Before the Court are cross-petitions to confirm or vacate an arbitration award in favor of Chongqing SENCI Import & Export Trade Co., Ltd. ("SENCI") and against Smarter Tools Inc. ("STI"). The Court finds no basis to disturb the arbitral award and so confirms it.

I. Background

This case concerns a dispute over STI's purchase of gas-powered generators from SENCI. From 2011 to 2013, STI purchased thousands of the AP2000i generators to resell in California and elsewhere in the United States. Smarter Tools Inc. v. Chongqing SENCI Imp. & Exp. Trade Co., No. 18-cv-2714 (AJN), 2019 WL 1349527, at *1 (S.D.N.Y. Mar. 26, 2019). STI was forced to halt sales in California because the generators did not comply with standards set by the California Air Resources Board ("CARB"). Id.

SENCI commenced arbitration proceedings against STI to recover the balance owing for delivered generators.

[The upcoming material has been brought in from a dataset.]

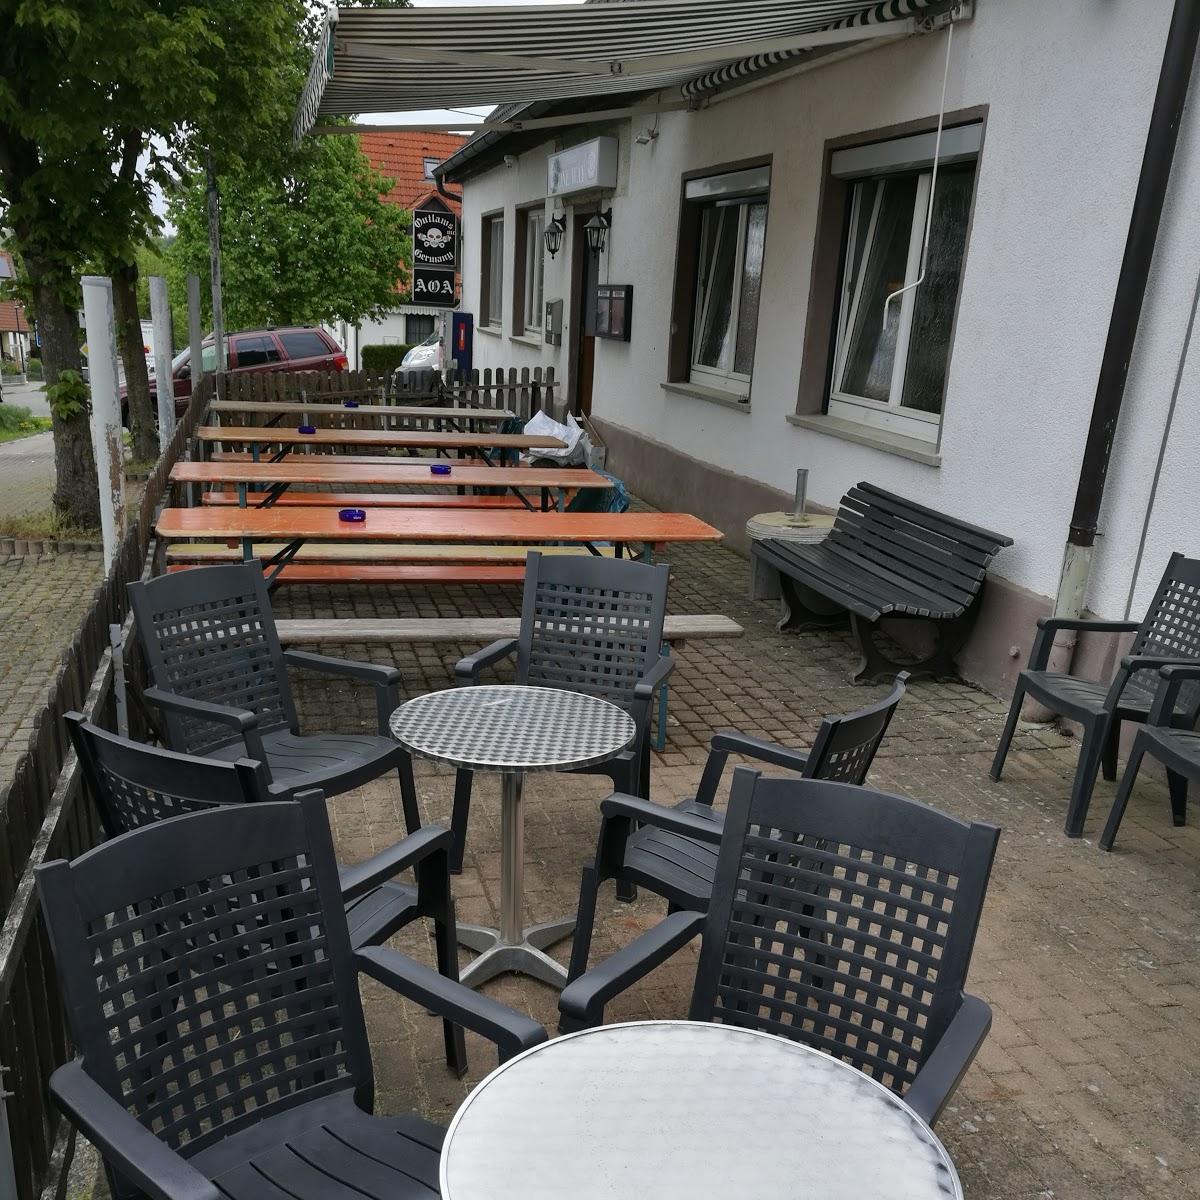 Restaurant "Pilsbar Oneway" in  Hermaringen

The parties stipulate that the balance, net of adjustments, is $2,402,680.43. Id. at *2. STI asserted counterclaims alleging that SENCI had breached a promise to deliver generators that complied with EPA and CARB standards. Id. at *1.

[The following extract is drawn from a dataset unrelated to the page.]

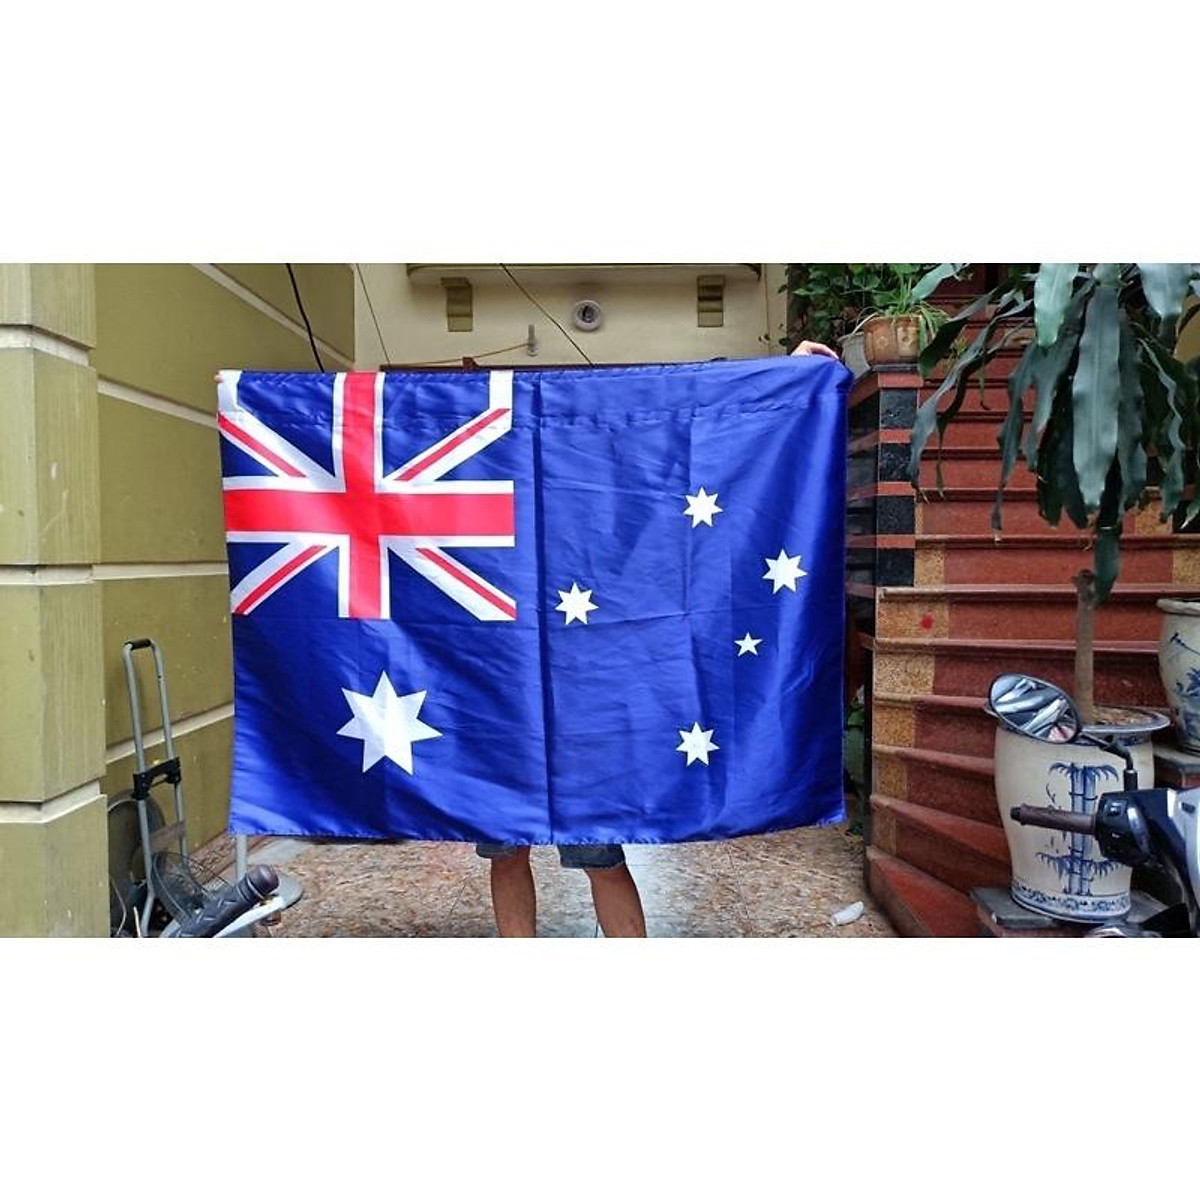 Cờ Úc 3D: Hãy chiêm ngưỡng vẻ đẹp toát lên từ cờ Úc 3D, tạo nên sức hấp dẫn đặc biệt cho bất cứ không gian nào. Với kỹ thuật in ấn chất lượng cao, bộ cờ Úc 3D sẽ mang đến cho bạn trải nghiệm sống động và đầy ấn tượng.

The arbitrator issued a final award in favor of SENCI in the amount of $2,402,680.43. Id. at *2. In an Opinion & Order dated March 26, 2019, this Court denied the parties' cross-petitions to confirm or vacate the arbitration award and remanded to the arbitrator to issue a reasoned award. Id. at *5. The Court held that the arbitrator did not exceed his authority or manifestly disregard the law, but that the brief award—which did not even mention STI's argument that SENCI had promised to deliver CARB-compliant generators—failed to provide a "reasoned award" as the parties had contracted for in their arbitration agreement. Id. at *3-5.

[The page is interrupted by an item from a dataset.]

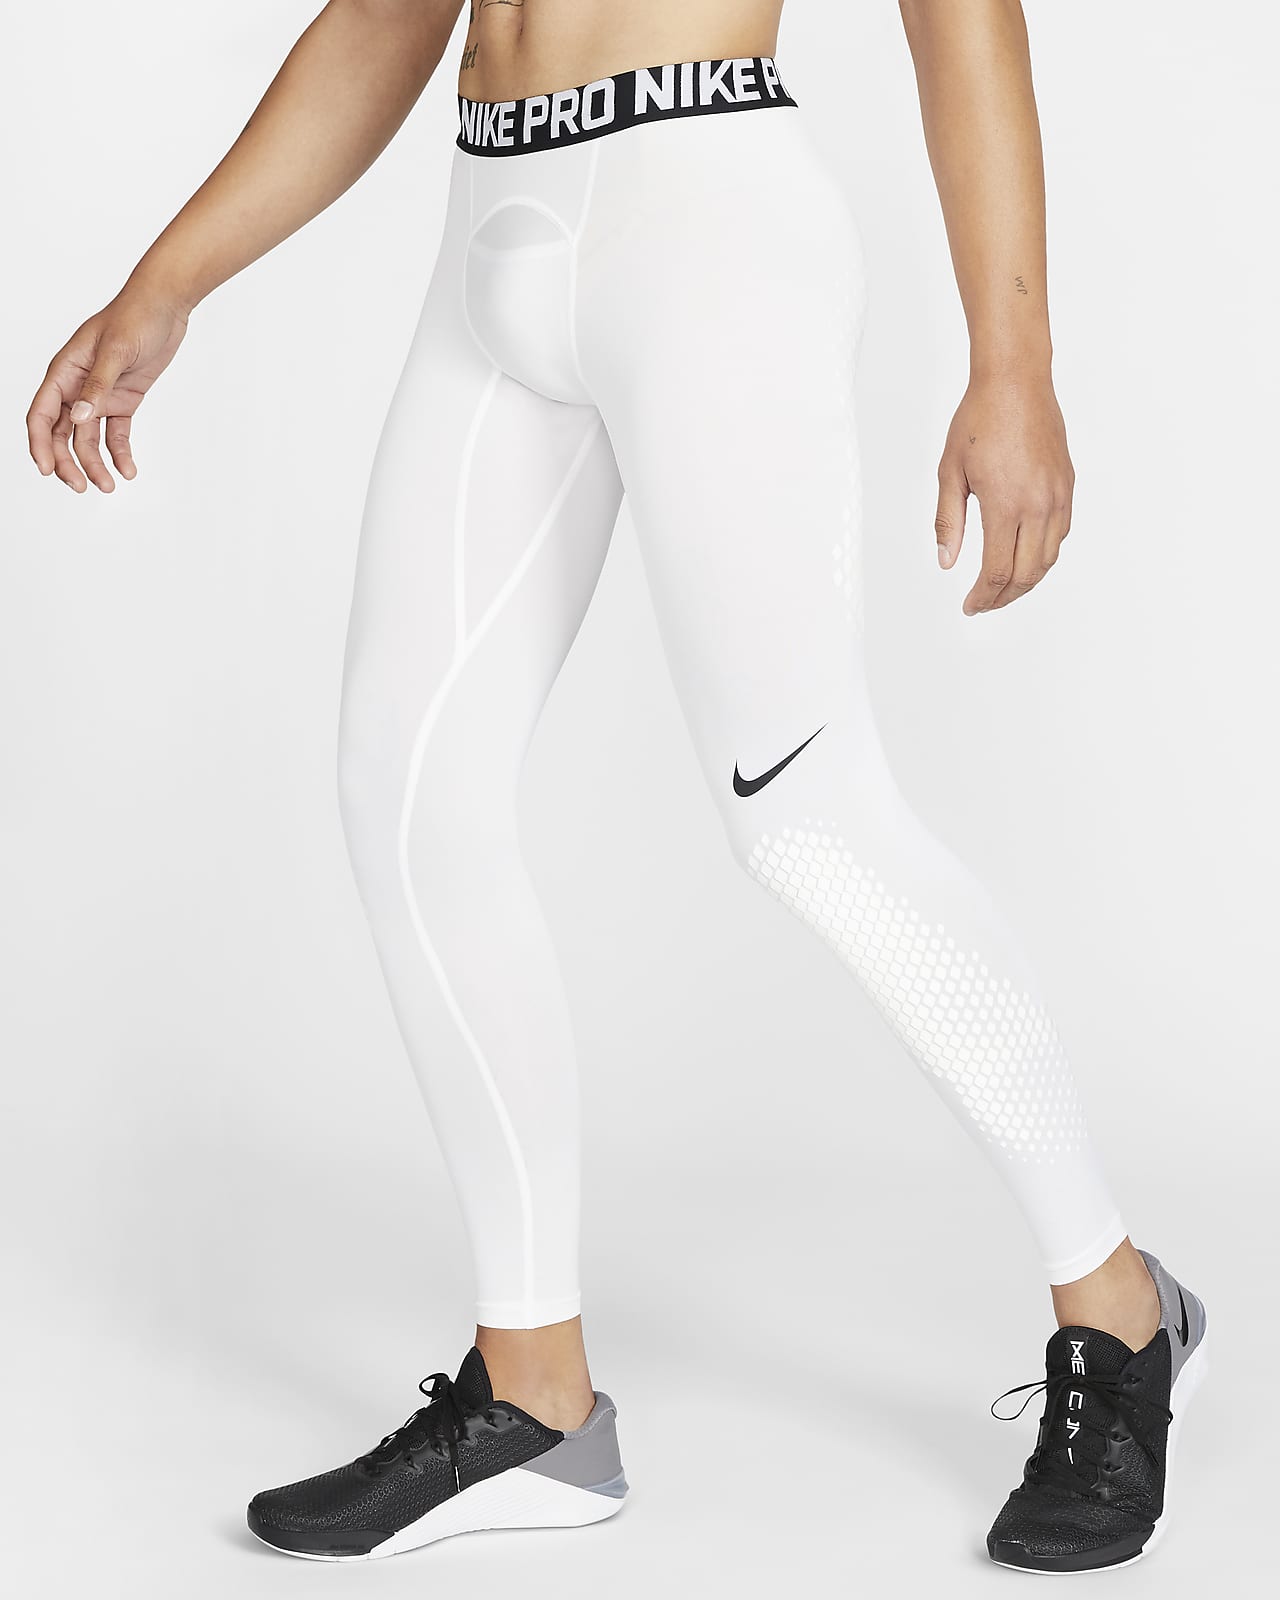 NEW Size M Nike Dri-FIT Pro Baseball Sliding Shorts Black CT2568-010 Mens  Tights | eBay

The arbitrator has now issued a final amended award, which grants substantially the same relief as the initial final award. Final Amended Award, Dkt. No. 76-8. Unlike the initial final award, the final amended award provides a rationale for rejecting STI's counterclaims—namely, that the evidence did not show that STI had ordered EPA- and CARB-certified generators. Final Amended Award, Findings ¶ 8. SENCI petitioned to confirm the final amended award and STI cross-petitioned to vacate it. Dkt. Nos 76, 77.

II. Discussion

As the Court discussed in its prior opinion in this case, "the showing required to avoid confirmation [of an arbitration award] is very high." See Smarter Tools, 2019 WL 1349527, at *3 (quoting D.H. Blair & Co. v. Gottdiener, 462 F.3d 95, 110 (2d Cir. 2006)). "Normally, confirmation of an arbitration award is a summary proceeding that merely makes what is already a final arbitration award a judgment of the court, and the court must grant the award unless the award is vacated, modified, or corrected." D.H. Blair, 462 F.3d at 110 (cleaned up). In the Second Circuit, a court may vacate an arbitration award only for one of the statutory bases outlined in the Federal Arbitration Act or if the arbitral panel acts in manifest disregard of the law. Porzig v. Dresdner, Kleinwort, Benson, N. Am. LLC, 497 F.3d 133, 139 (2d Cir. 2007). The Federal Arbitration Act allows vacatur only in the case of certain types of misconduct or if the arbitral panel exceeds its authority. See 9 U.S.C. § 10(a).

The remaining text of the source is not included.